LUIS DE JESUS LOS ANGELES
ART BRUSSELS 2012
STAND 3D-43
APRIL 18 – 22, 2012
CHRISTOPHER RUSSELL
“REMAINS” AND “RUNAWAY”
FRENCH VERSION / EN FRANÇAIS
FLEMISH VERSION / IN DE VLAAMSE
Christopher Russell
Ghost Shipwreck, 2012
Unique scratched digital pigment print mounted on Sintra
40 x 60 in / 101.6 x 152.4 cm
Courtesy of Luis De Jesus Los Angeles
LUIS DE JESUS LOS ANGELES is pleased to announce our participation in ART BRUSSELS 2012, STAND 3D-43, April 18 – 22, with a solo presentation of new works by CHRISTOPHER RUSSELL.

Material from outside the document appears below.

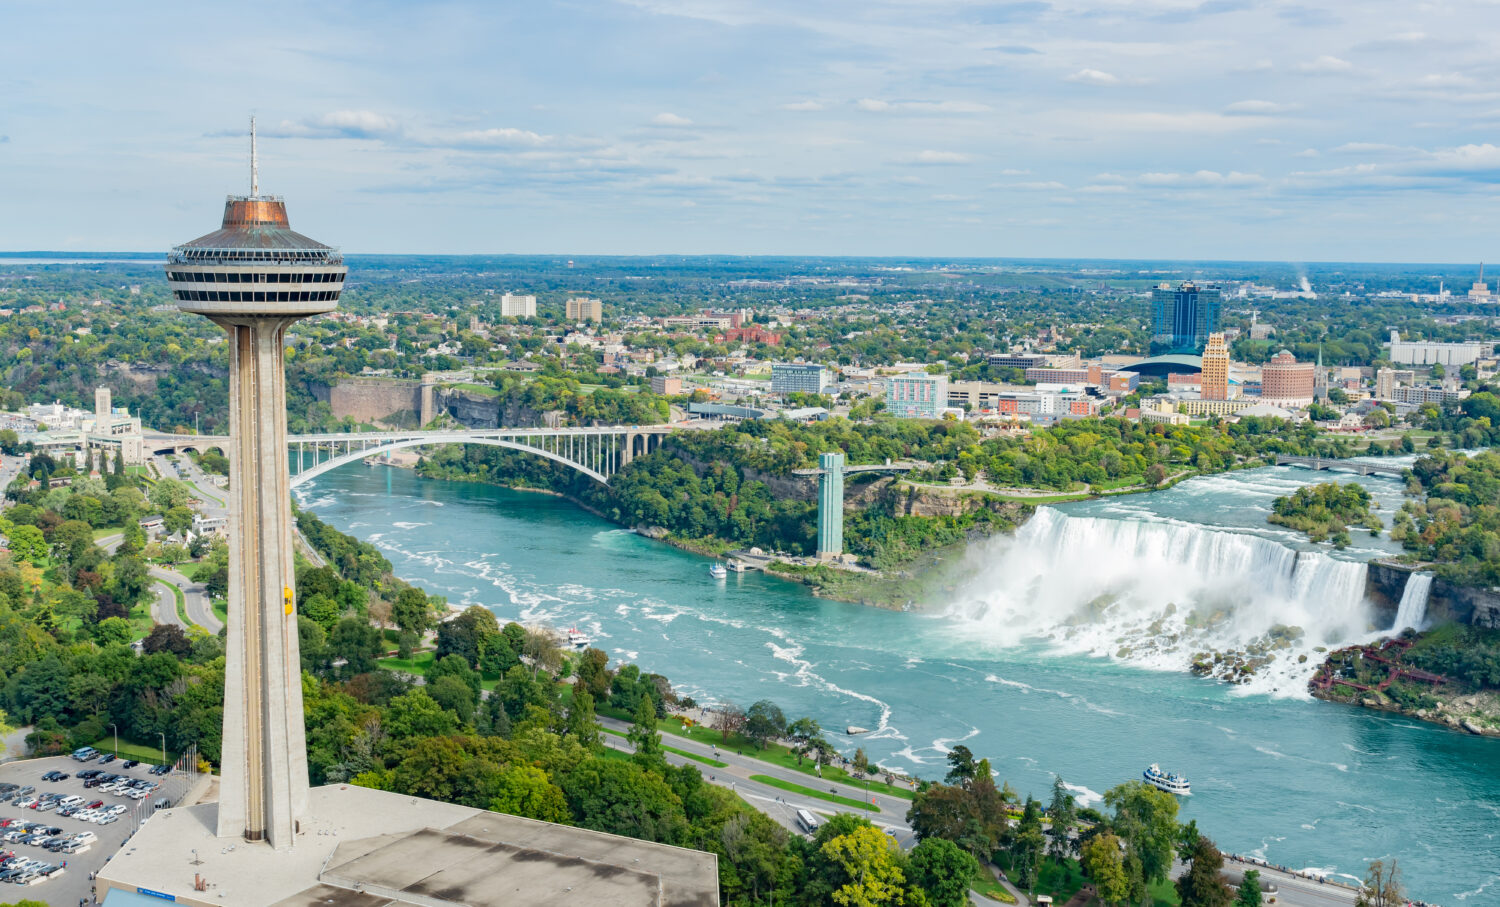 Vista aerea della Skylon Tower e delle bellissime Cascate del Niagara in Canada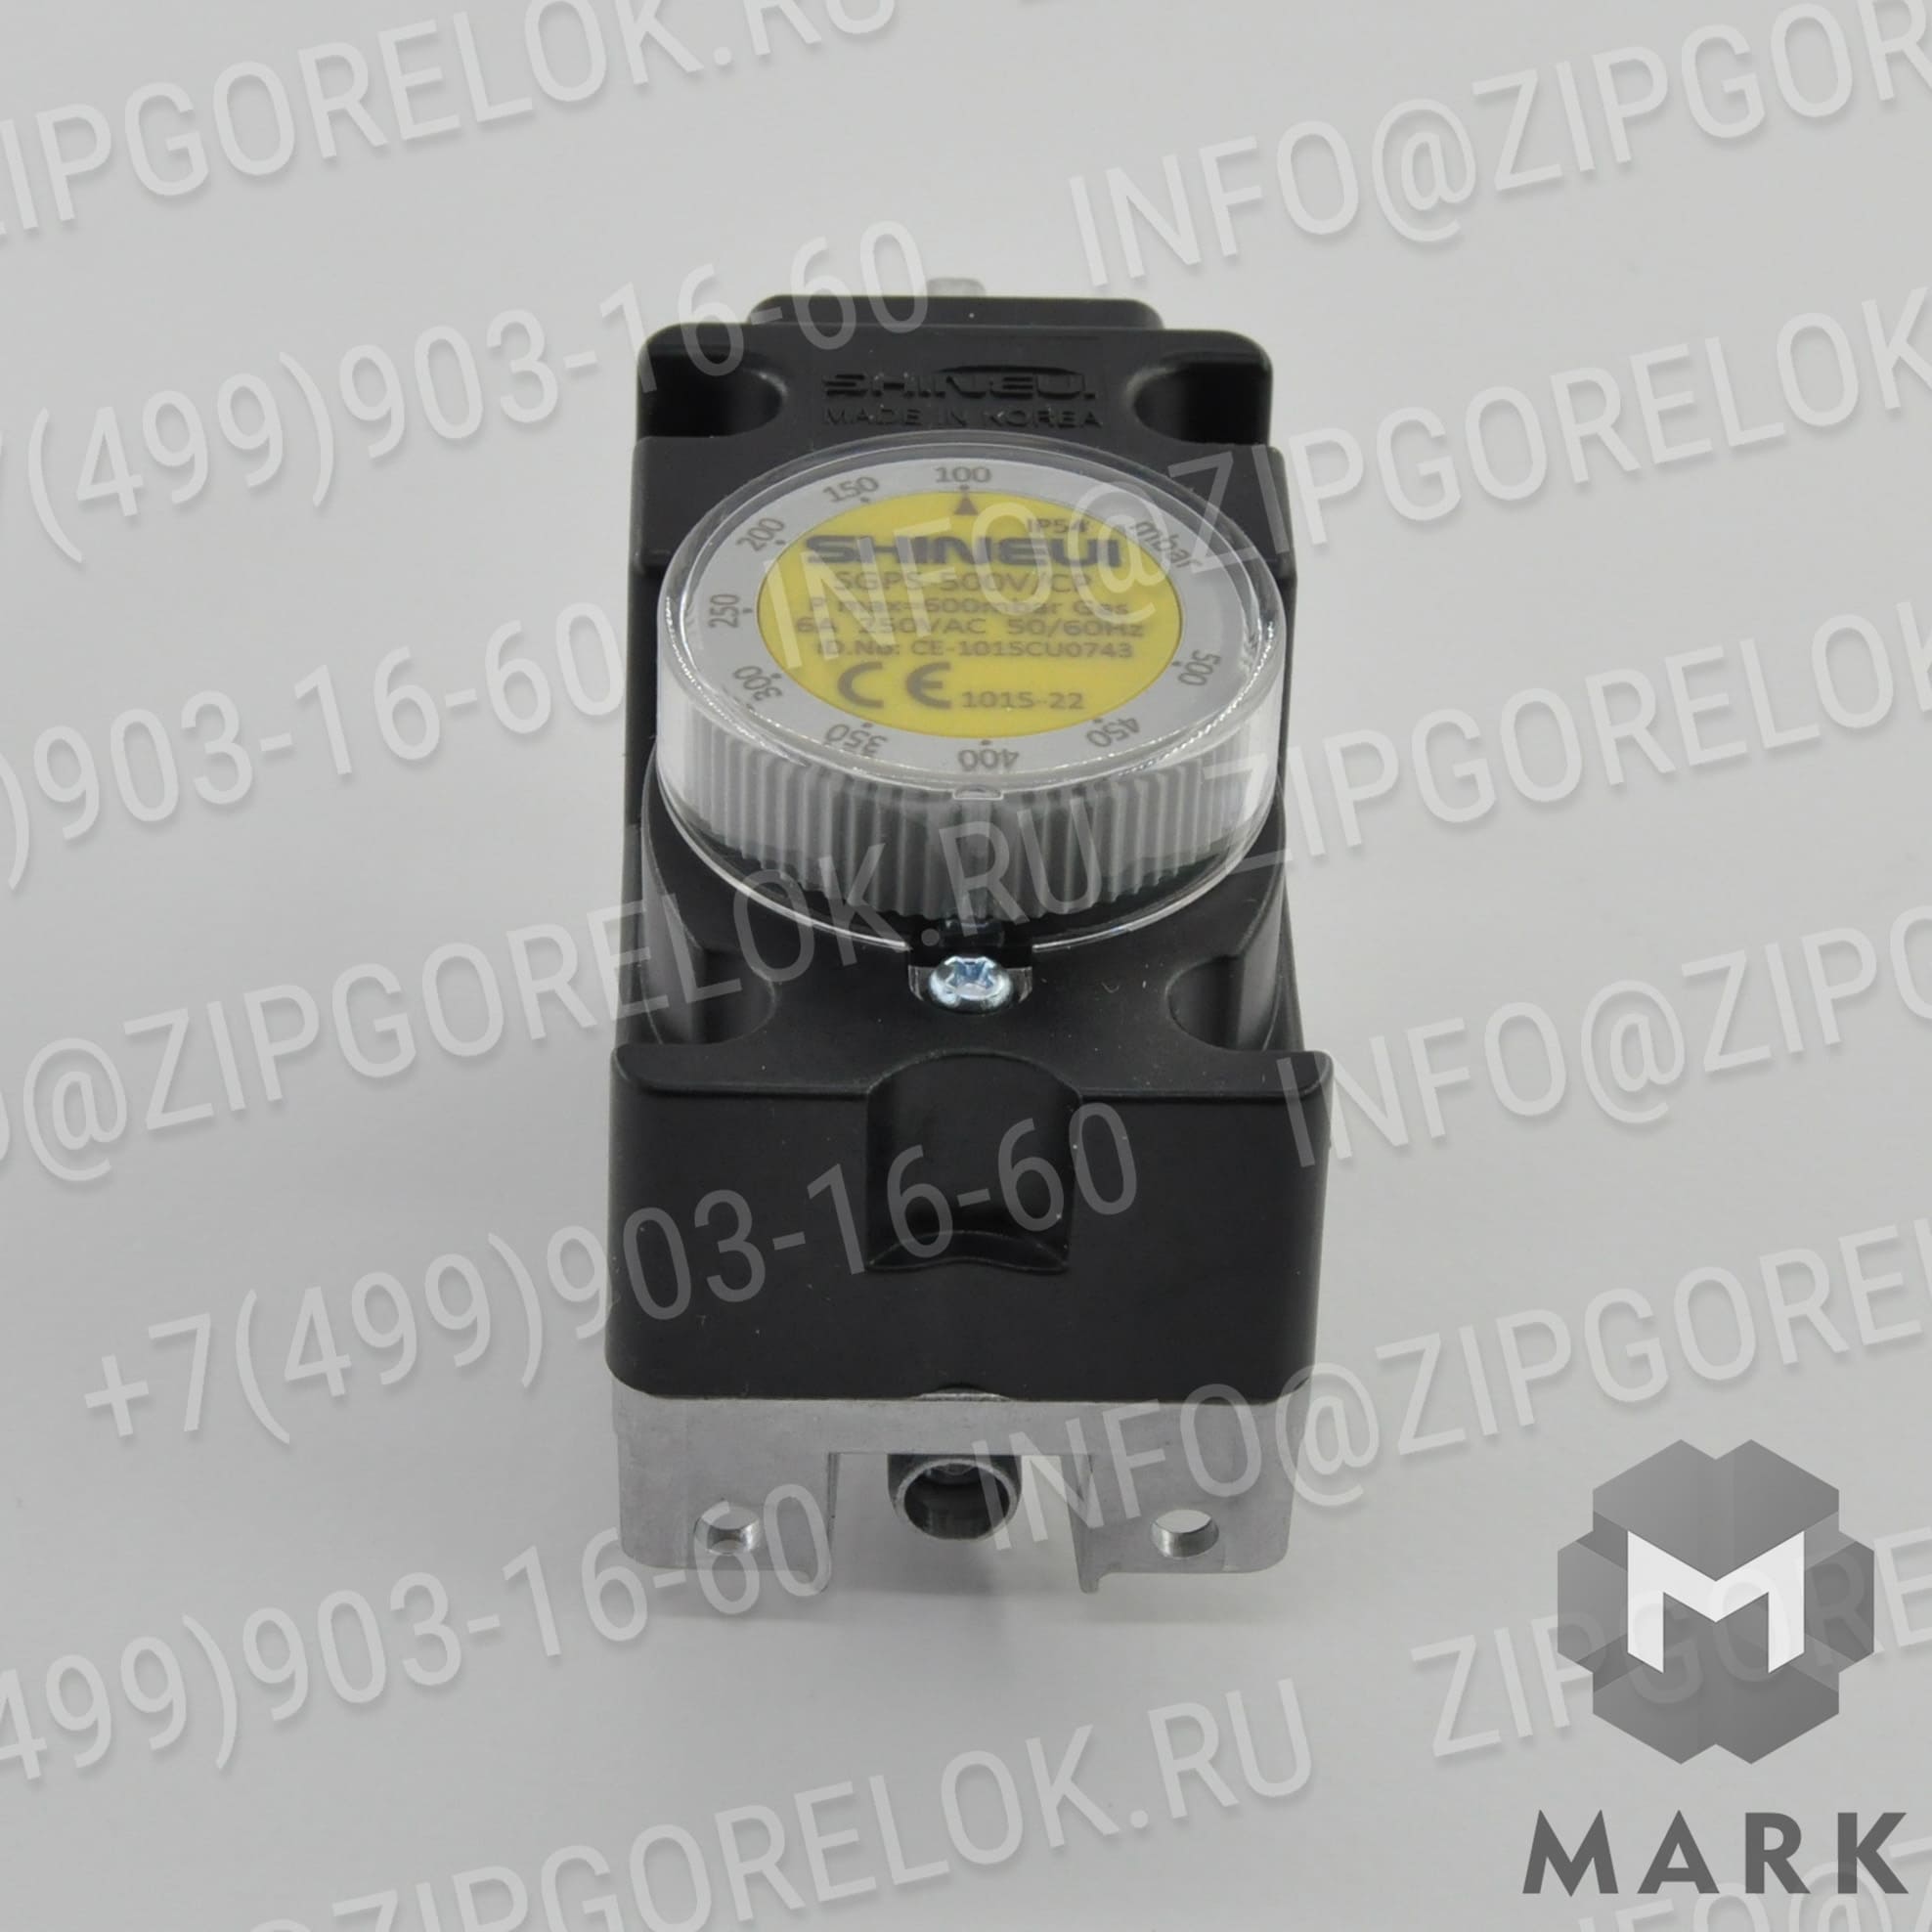 SGPS-500V-CP Реле давления: Гильза для установки датчиков температуры G1/2" X 225 мм

Christopher Russell employs photography, drawing, writing, bookmaking, and digital printmaking to create all-encompassing environments that challenge the traditional divide between these practices and expand the very idea of a book. In his trademark style, Russell wrote and produced a unique, one-of-a-kind storybook, titled “Remains”, that combines intricate original drawings and hand-lettered text scripted by the artist. Russell's text uses Nicephore Niépce and H.P. Blavatsky as characters in an historical fiction that explores chance as an intervening force against the claim of exceptionalism. In "Remains", the occult emerges as a metaphor for protest, while the "death of photography" becomes an allegory of systems rigged to fail.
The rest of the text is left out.